Transcribe exactly the portion of the listing below that runs from the line containing "Chevy C8 Corvette And Facts Picture, Photo" through its last line.

**Supplied information**
____________________

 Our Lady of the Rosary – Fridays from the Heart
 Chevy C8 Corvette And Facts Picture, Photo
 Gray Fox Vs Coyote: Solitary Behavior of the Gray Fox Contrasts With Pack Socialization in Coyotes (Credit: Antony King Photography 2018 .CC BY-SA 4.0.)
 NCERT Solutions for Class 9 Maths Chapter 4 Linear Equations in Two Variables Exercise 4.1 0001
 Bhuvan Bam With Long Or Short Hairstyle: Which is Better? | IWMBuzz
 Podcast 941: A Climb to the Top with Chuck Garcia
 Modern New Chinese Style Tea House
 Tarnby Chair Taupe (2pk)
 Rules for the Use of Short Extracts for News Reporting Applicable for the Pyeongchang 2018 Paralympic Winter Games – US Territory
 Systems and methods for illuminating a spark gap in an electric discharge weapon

____________________

**Solution to this task**
 Chevy C8 Corvette And Facts Picture, Photo
 Gray Fox Vs Coyote: Solitary Behavior of the Gray Fox Contrasts With Pack Socialization in Coyotes (Credit: Antony King Photography 2018 .CC BY-SA 4.0.)
 NCERT Solutions for Class 9 Maths Chapter 4 Linear Equations in Two Variables Exercise 4.1 0001
 Bhuvan Bam With Long Or Short Hairstyle: Which is Better? | IWMBuzz
 Podcast 941: A Climb to the Top with Chuck Garcia
 Modern New Chinese Style Tea House
 Tarnby Chair Taupe (2pk)
 Rules for the Use of Short Extracts for News Reporting Applicable for the Pyeongchang 2018 Paralympic Winter Games – US Territory
 Systems and methods for illuminating a spark gap in an electric discharge weapon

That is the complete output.